The South Burnett’s population growth has gone into reverse over the past four years, and the cause may be our ageing population

October 3, 2018

by Dafyd Martindale

After more than 13 years of growing by an average 1.3 per cent per annum, the South Burnett’s population has gone into decline since 2014, according to Australian Bureau Of Statistics data.

There are now 124 fewer people in the region than there were four years ago, with the South Burnett’s population dropping from 32,699 in mid-2013 to 32,574 by June last year.

This is well below the anticipated 33,759 to 36,164 regional population the State Government was forecasting in 2009.

It is also a trend none of our neighbours shares.

The same ABS data shows that Somerset, Toowoomba, Western Downs, the North Burnett and Gympie council areas have all experienced population growth of between 1.7 per cent and 5.3 per cent during the same four years.

The reasons for the region’s population decline are unclear, but one possibility is the South Burnett is being impacted by the same “demographic bubble” that has been causing the populations of some Brisbane suburbs to decline over the past five years.
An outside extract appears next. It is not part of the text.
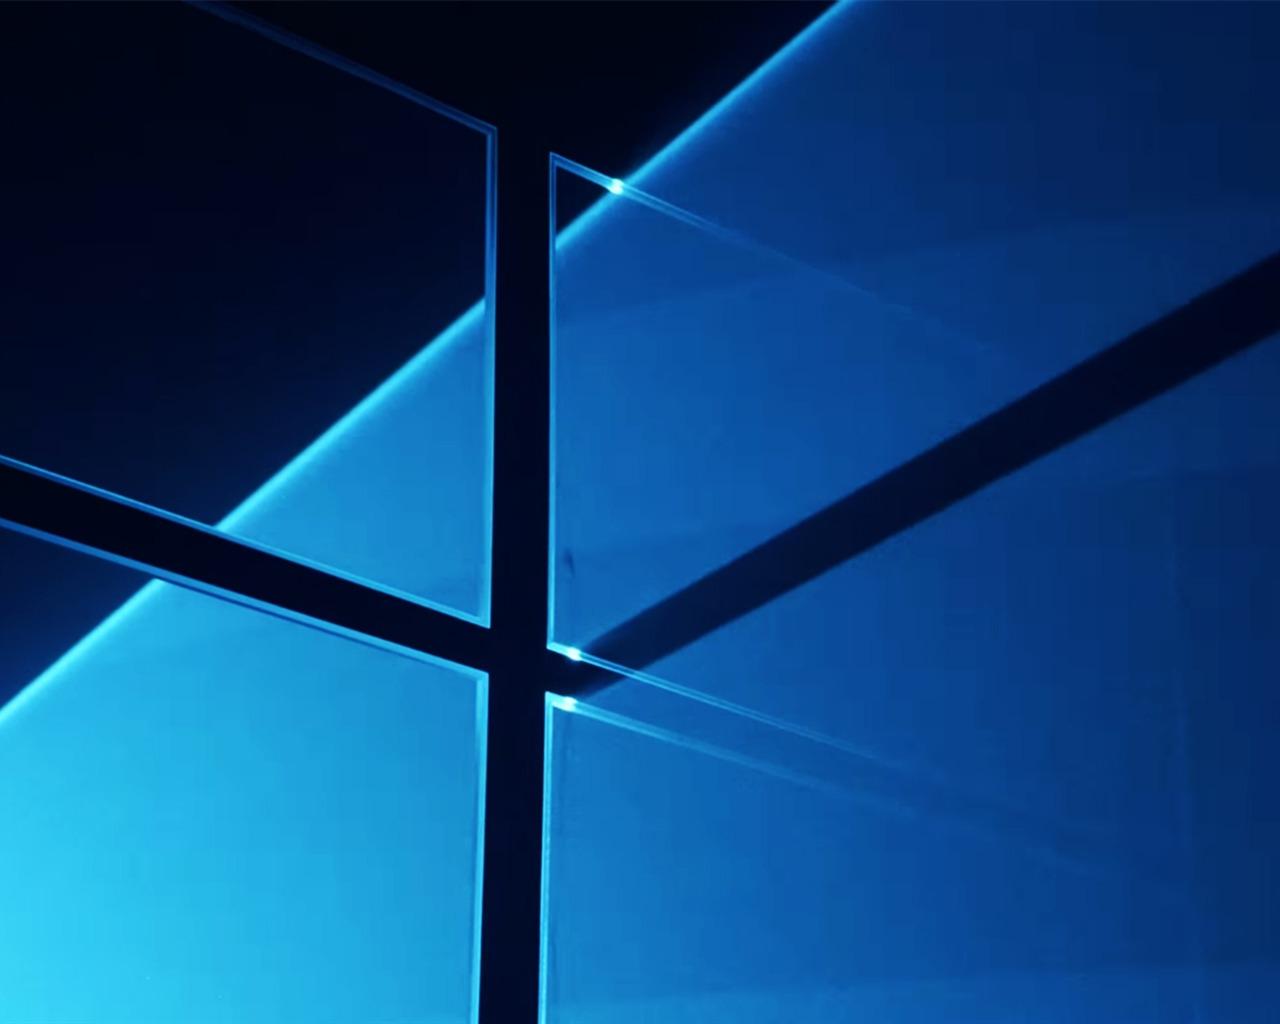 windows,  microsoft, anniversary, update, кот  № 1182164 загрузить

Brisbane’s population is estimated to have expanded by 23.7 per cent between 2006 and 2016, with the populations of some high-rise suburbs such as South Brisbane, Hamilton, Newstead and Fortitude Valley surging as much as 52 per cent.

But other Brisbane suburbs – such as Riverview, Woodridge, Kenmore, Alexandra Hills and Slacks Creek – have had population declines of between 1.1 per cent and 8.7 per cent over the past five years.
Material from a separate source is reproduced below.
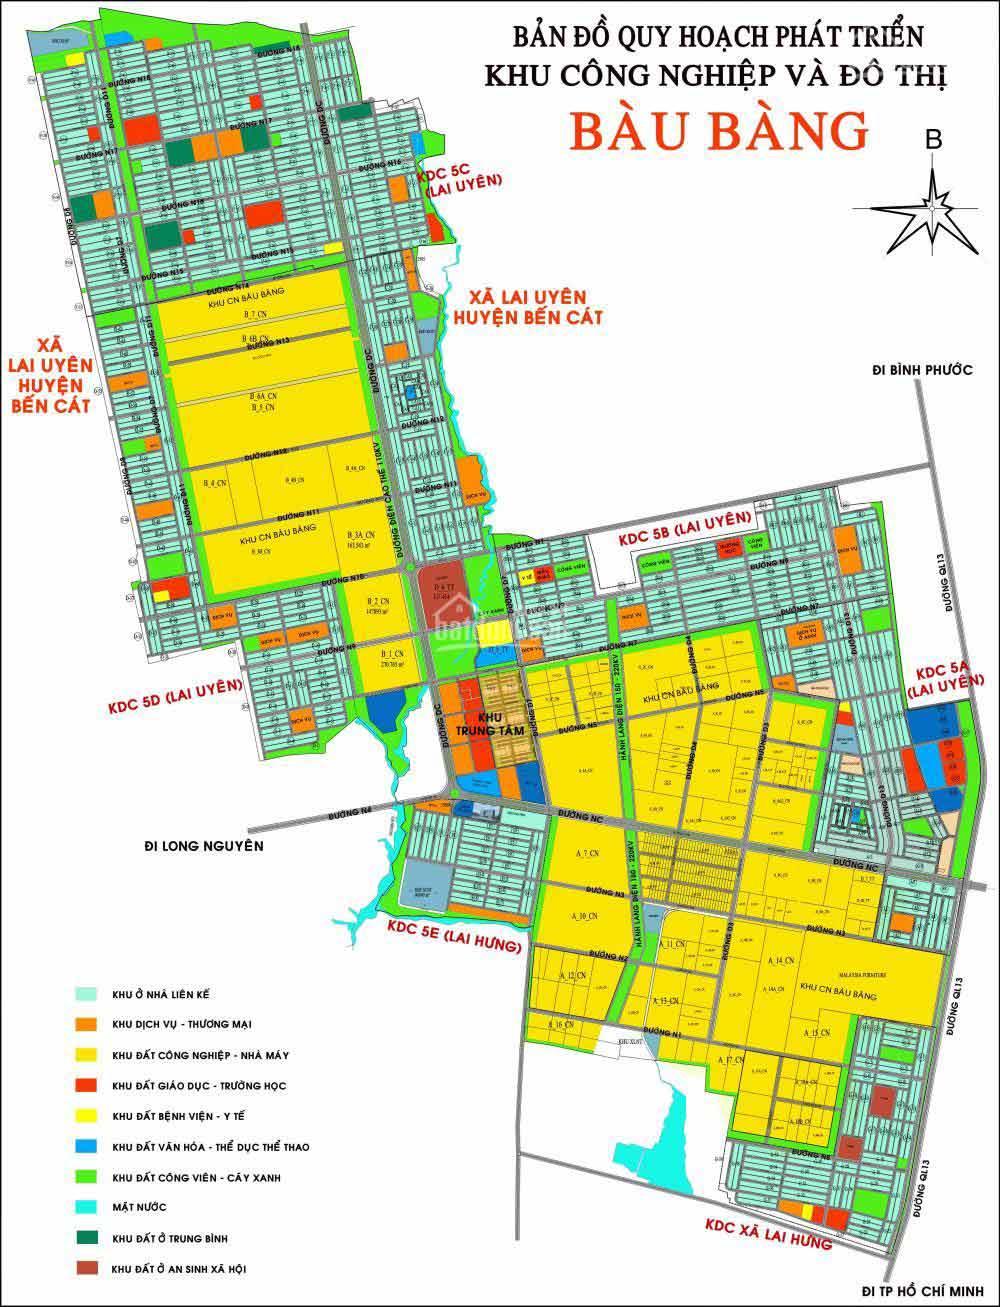 Bản đồ khu công nghiệp và đô thị Bàu Bàng Bình Dương

Demographers believe the root cause of these declines is they all have an ageing population, which leads to a large number of single-person households.

Nearly 20 per cent of residents at Riverview are aged over 65 years, ABS data shows, and other declining Brisbane suburbs are similar.

In the South Burnett, 22.9 per cent of residents were aged over 65 in 2016.

This compares with 18.66 per cent in 2011, 16.11 per cent in 2006 and 13.9 per cent in 2001.

The number of single-person households in the region also grew from 23.75 per cent in 2001 to 28.22 per cent in 2016, a net increase of more than 1000 homes.

Population decline is important because it affects regional economies.

For example, councils do not have a growing base of ratepayers across which to spread costs, so the impacts of rate rises on individual households steadily gets stronger.

Local businesses have fewer customers to sell to, which in turn limits their ability to create jobs. And, in some cases, it can force them to close their doors.

And since many State and Federal government services are funded based on population, a declining population base can lead to cutbacks in government funding and fewer services, not more, if the decline isn’t halted.